Пост № 4 располагался в десяти верстах по правому берегу озера, а дальше на сотню верст места были совершенно пустынные. Водное сообщение по озеру начиналось не раньше мая, когда озеро вскрывалось ото льда, так что им предстояло несколько месяцев провести в совершеннейшем уединении.
— Вот где надо селиться монастырской братии, — не без иронии сказал по этому поводу Николай Михайлович. — Принял обет — держи! Иди в глушь, прочь от людской суеты! Здесь, в единении с природой, душа ото всякой суеты очищается, людей любишь такими, какими есть, не книжными, каждого обогреть готов! А в городах? В городах я, Коля, людей быстро любить перестаю. Грешен — перестаю! Смердят, горланят, пошлость несут! Никчемные людишки, а гонор имеют — мы, мол, горожане перед деревенским невежей. Я бы, будь моя воля, каждого из них на год-два сюда послал — тишину и благодать слушать. Глядишь, мерзости бы в людях поубавилось!

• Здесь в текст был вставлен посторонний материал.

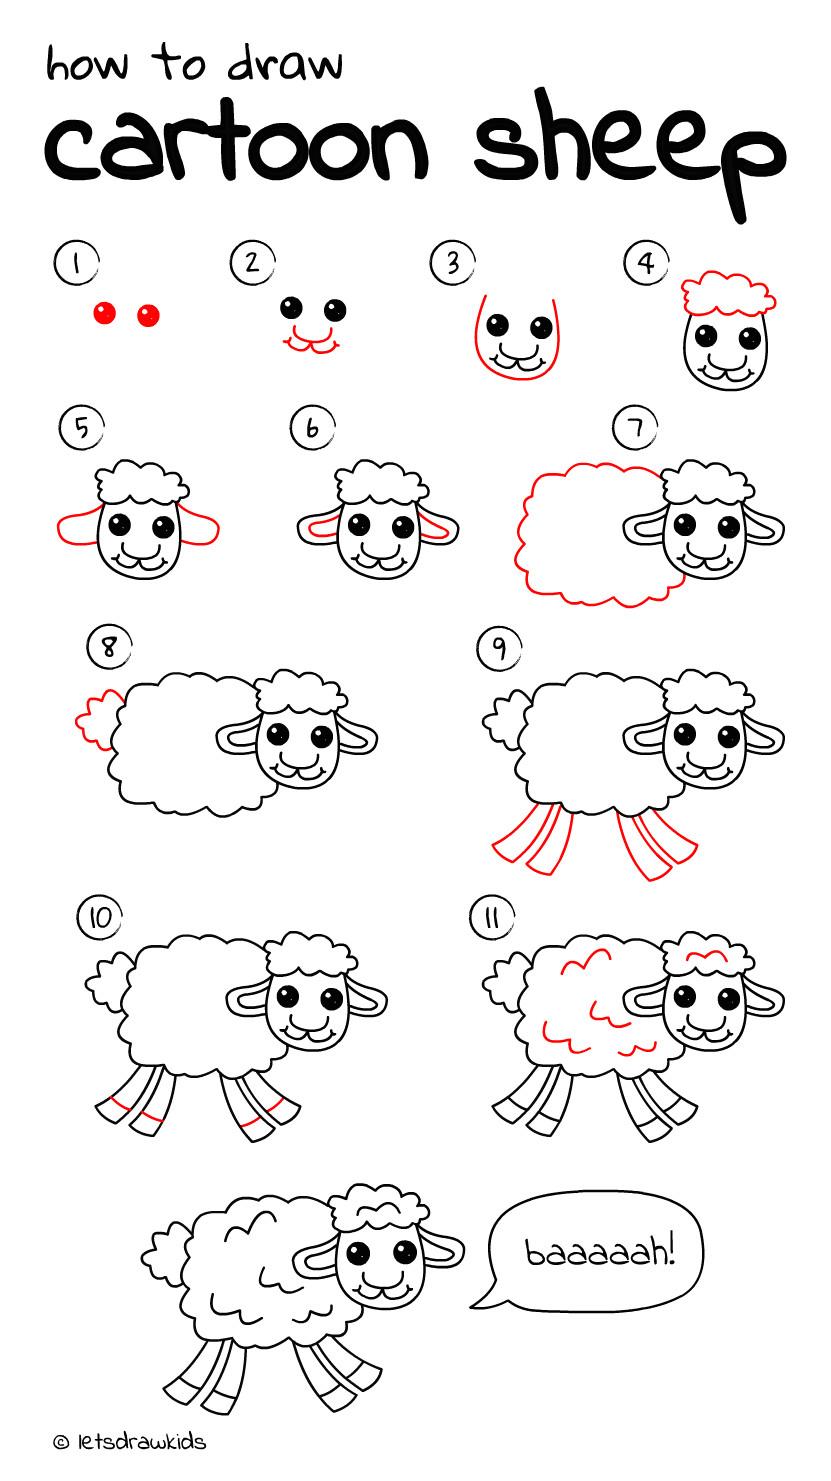 Drawing A Cartoon Sheep Pin by Nafas On Drawings Drawings Cartoon Drawings Easy Drawings

Коля кивал и чуть усмехался, растапливая печку. Николай Михайлович, хоть и человек в целом практический, иногда вот так разгорячится — прямо мальчишка! Про другого можно было бы сказать — утопист, но только как-то не вязалось это пренебрежительное словцо с Николаем Михайловичем, с его громадной самоотверженностью, трудолюбием и настоящей, каждодневной верой в свое дело.
Разобрав вещи и наскоро поужинав привезенным с собой хлебом и холодным мясом, легли спать прямо на печь, навалив на себя одеяла.
За ночь печь протопилась так, что Коля с непривычки не мог спать, скинул с себя одеяла и лежал без сна, дожидаясь рассвета.